Amidst low residential real estate sales and freeze of funds by NBFCs and banks, developers have found opportunity for strata sale (sales to retail or individual investors) in ownership offices as part of commercial developments.
Ownership office is an investment offering to high net worth individuals (HNIs) and prospective companies to own their office space.
“Developers have resorted to strata sale in order to maintain their cash flows, many have been gradually listing anywhere between 25 per cent and 40 per cent of their office supply for strata sale,” Anuj Puri, Chairman, ANAROCK Property Consultants, told BusinessLine.
Early last year, realty major Prestige Estates announced its plan to resume strata sales of at least 25 per cent of its office assets to individual investors. Brigade Enterprises, too, has begun to pursue it.
“Ownership offices have always been attractive for investors as they are annuity income-yielding assets that appreciate year on year. The most popular sizes for ownership range from 2,500 square feet to 10,000 square feet. However, in some cases, it can be much higher,” said Nirupa Shankar, Executive Director, Brigade Enterprise.
“SMEs also prefer to buy into ownership offices for self-use rather than paying rent. To cater to this segment, we have close to 10 lakh square feet of office space, spread across three properties specially designed for ownership offices,” she added.
Rental yield
Puri said: “Given that residential (real estate) has yielded almost negligible returns over the last five to six years, many of the investors are turning their focus on commercial assets for higher returns. NRIs and HNIs form a bulk of these investors. Thus, given the viability, it’s turning to be a win-win deal for both investors and developers alike.
“For developers, it gives them the required liquidity to scale up their business, while for investors, it renders an opportunity to earn high returns. Not just that, it also helps developers to do away from the hassles of managing a property.”
According to Vishal Ahuja, India Head – Private Wealth Group, JLL, “Rental yield for an office asset varies. Broadly it could be 8-8.5 per cent. In a scenario where the developer’s team assists on the leasing side, there is an asset management fee charged by the developer. Hence, the net yield reduces accordingly.”

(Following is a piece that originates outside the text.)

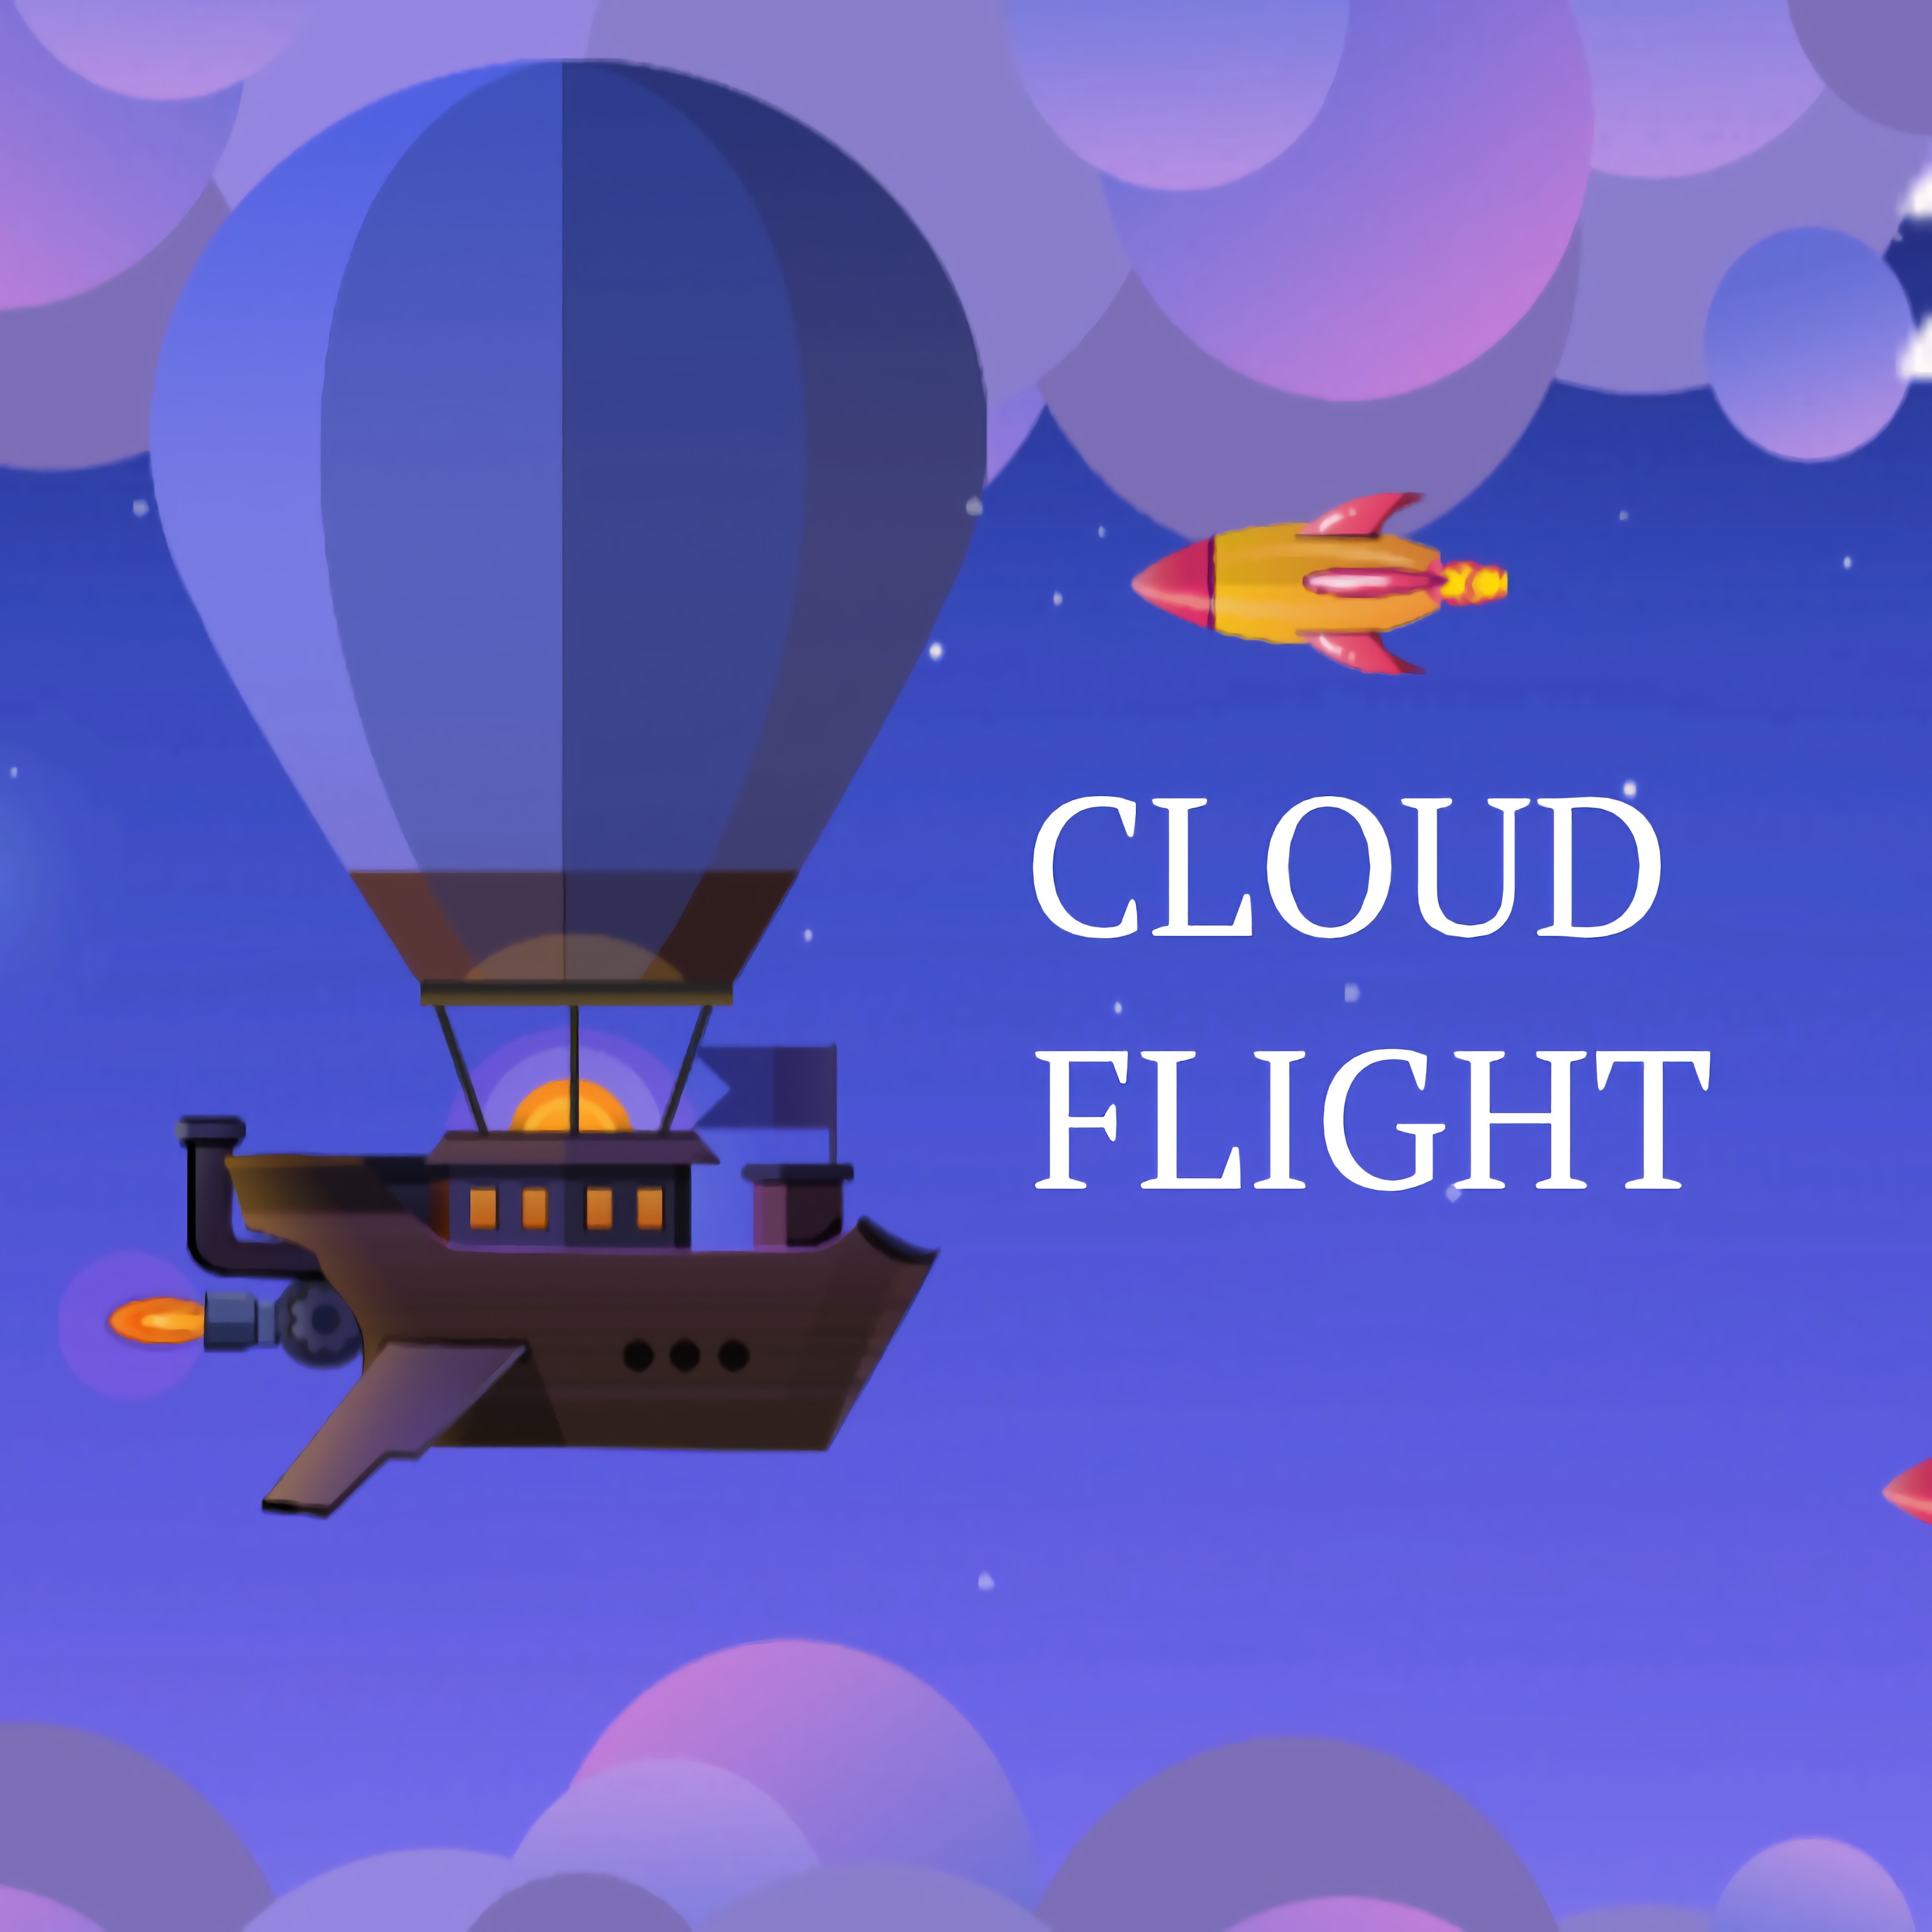 Cloud Flight

In terms of yield, ANAROCK research indicates that Grade A commercial properties generate 7-9 per cent yields while non-Grade A assets potentially deliver 9-10 per cent. The yield has reduced marginally for both sets amidst the pandemic.
“In fact, the Indian strata sale market is becoming increasingly attractive even for smaller investors. A well-chosen CRE (commercial real estate) play in a tier II city can begin at as low as 10 lakh. The upper limit for investing in Grade A assets in the metros is, of course, somewhere in the stratosphere,” explained Puri.